### [SOURCE MATERIAL]
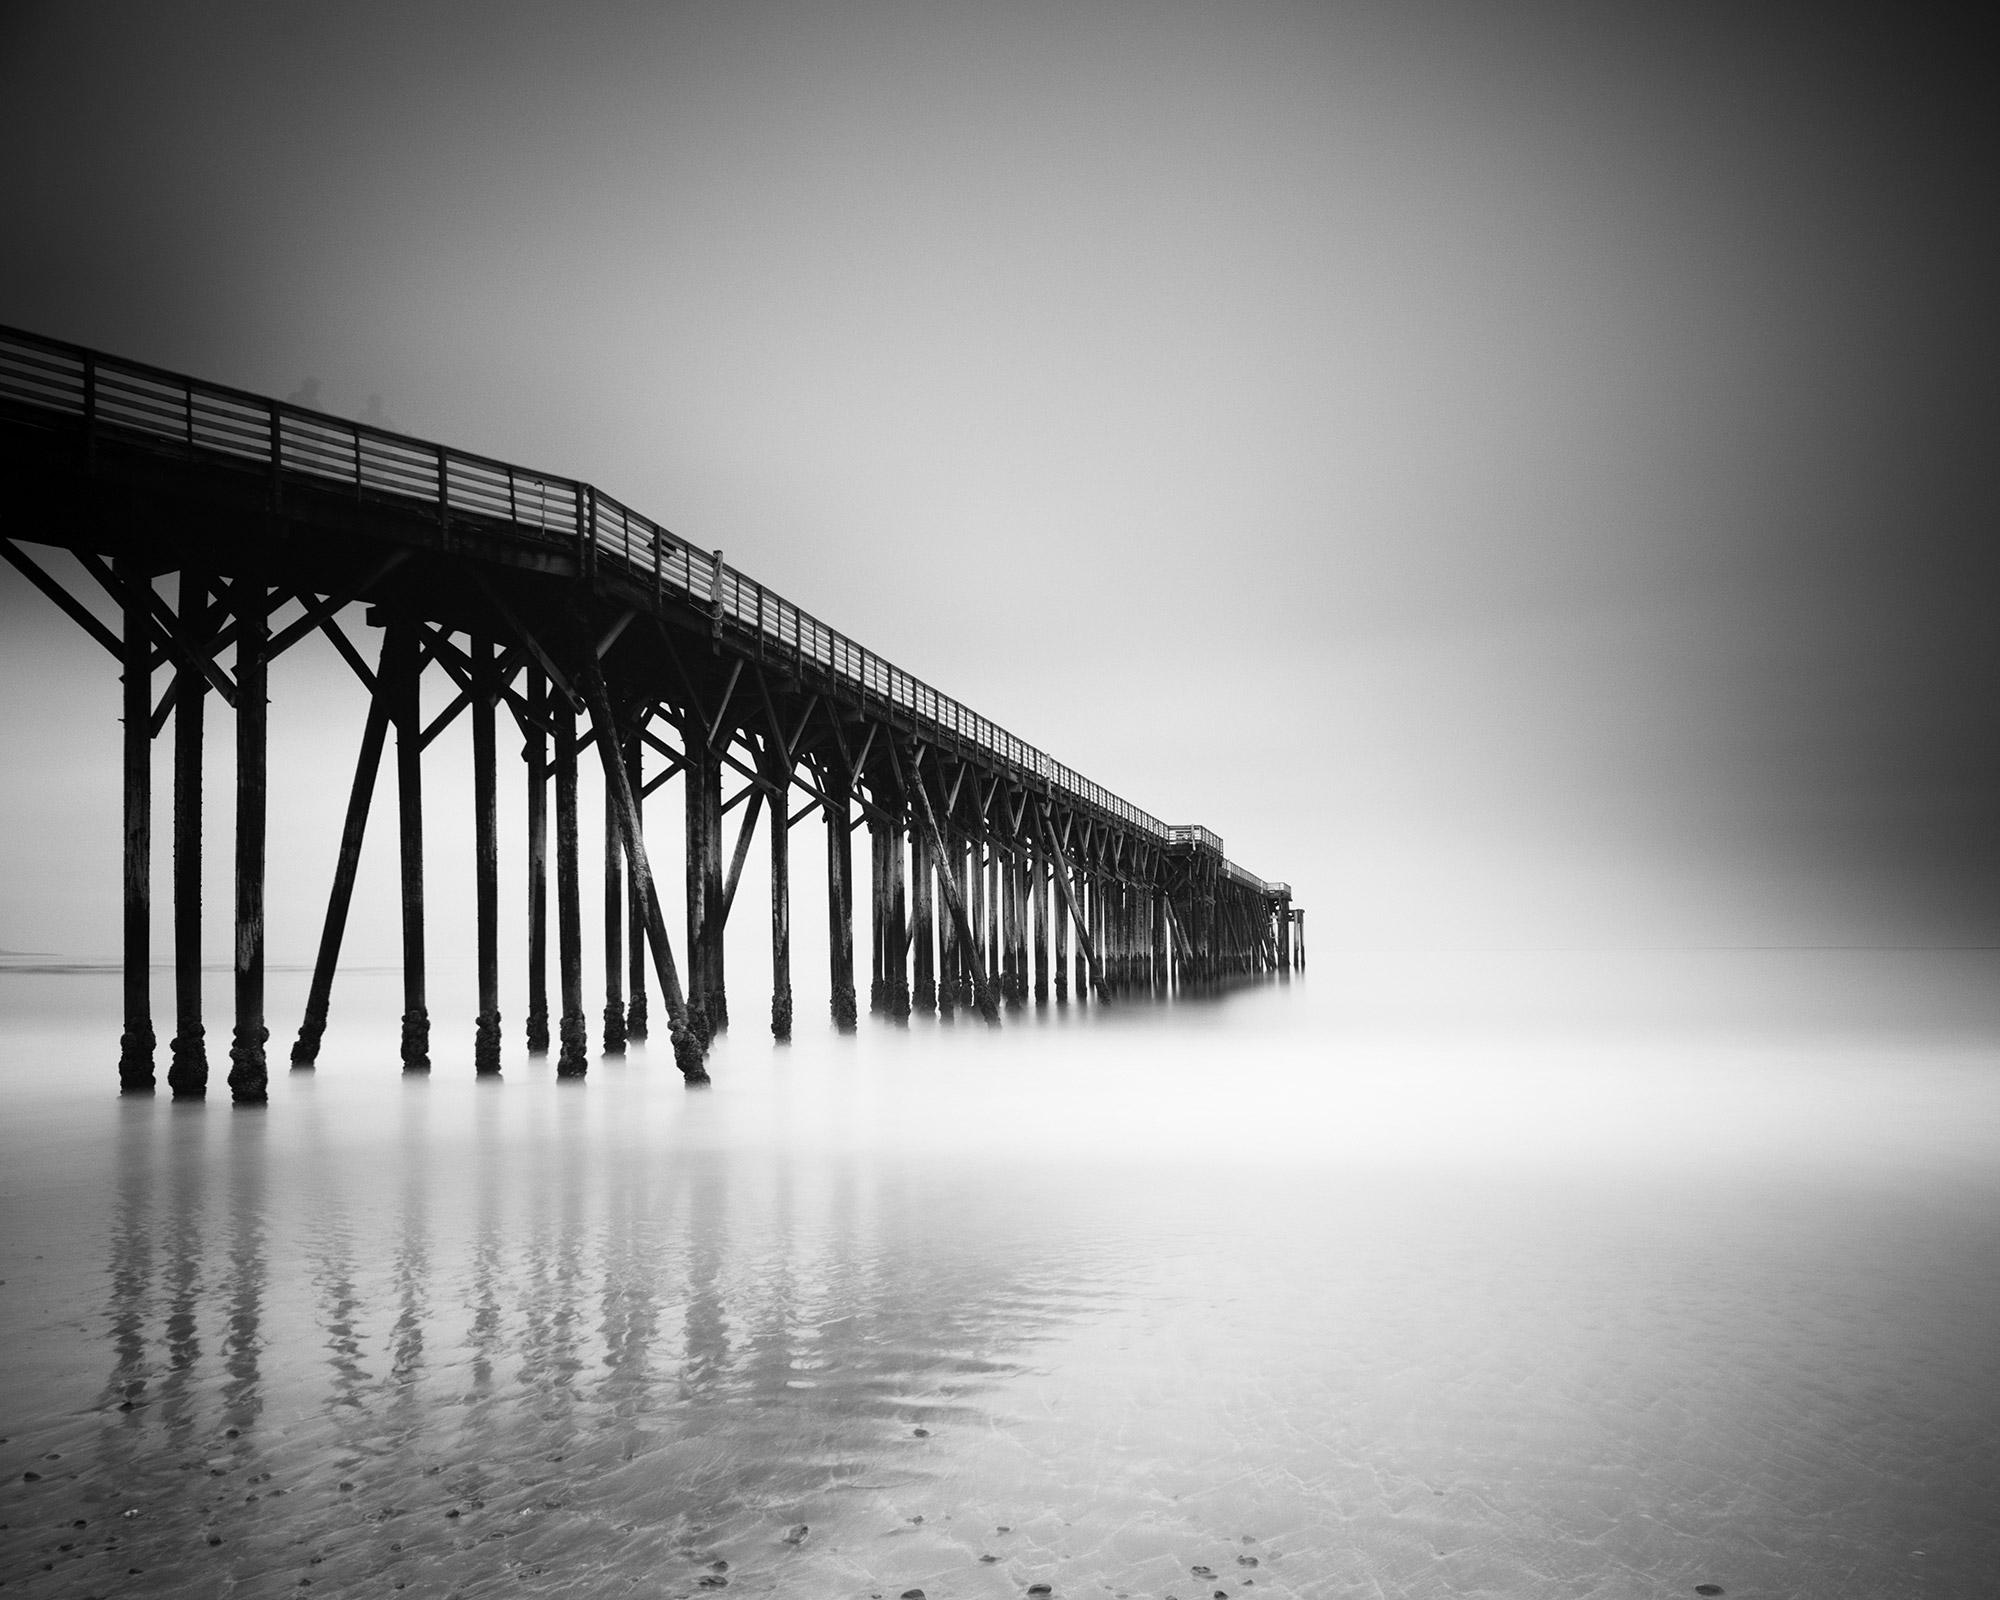 Schwarzer Pfeiler, Beach, Kalifornien, USA, Schwarz-Weiß-Fotografie mit langer Belichtungsdauer
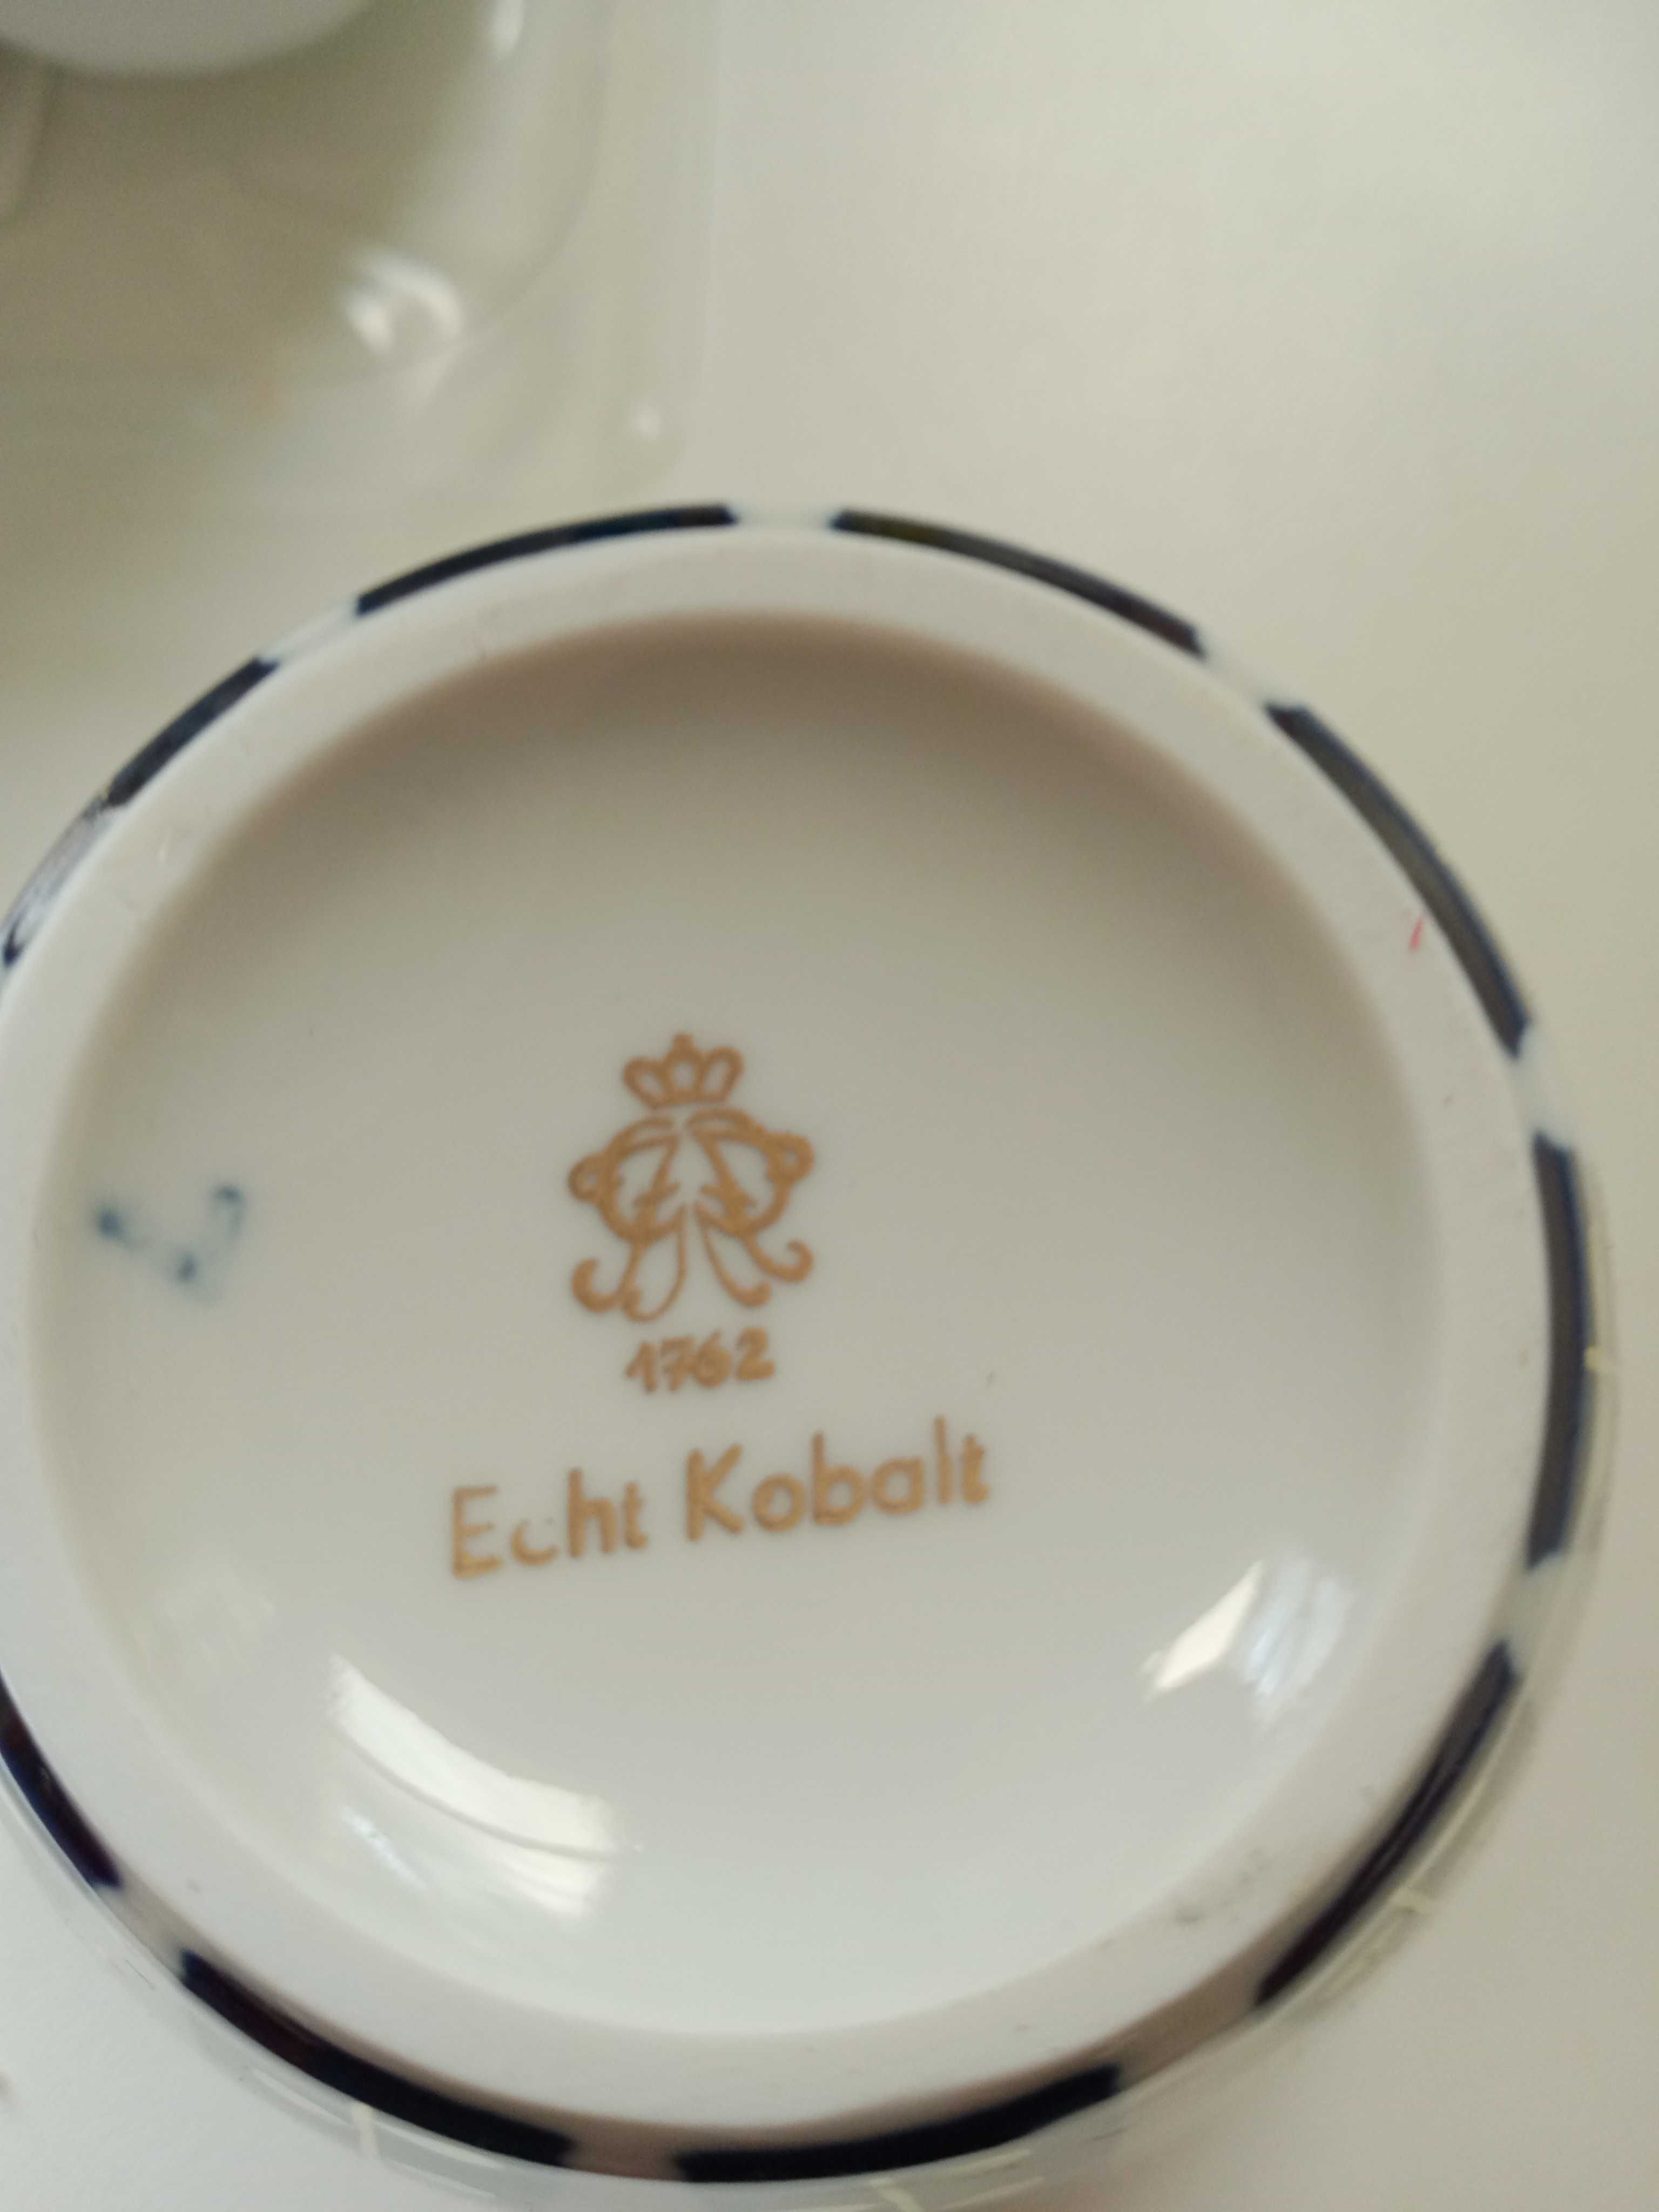 Unikat! Maleńki wazonik porcelanowy Echt Kobalt
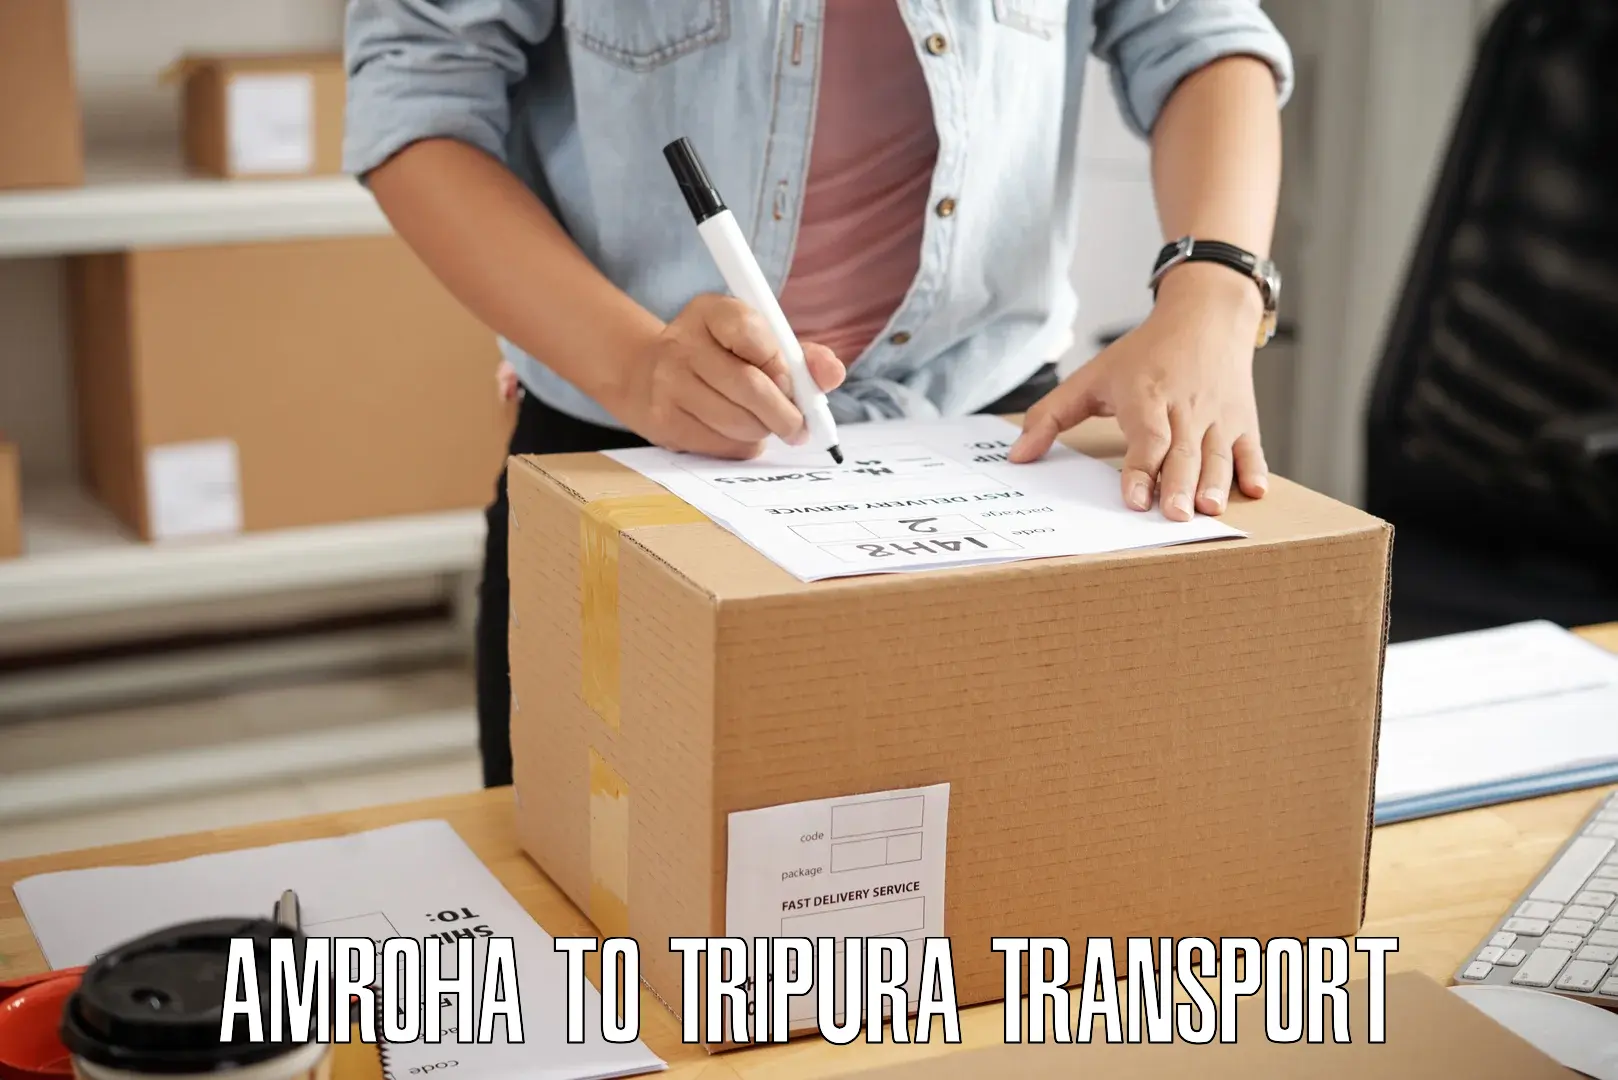 Cargo transportation services Amroha to IIIT Agartala

### [PROBLEM REQUIREMENTS]
Omit pictures; set down the rest of the material word for word.

### [EXERCISE ANSWER]
 Schwarzer Pfeiler, Beach, Kalifornien, USA, Schwarz-Weiß-Fotografie mit langer Belichtungsdauer
 Unikat! Maleńki wazonik porcelanowy Echt Kobalt
 Cargo transportation services Amroha to IIIT Agartala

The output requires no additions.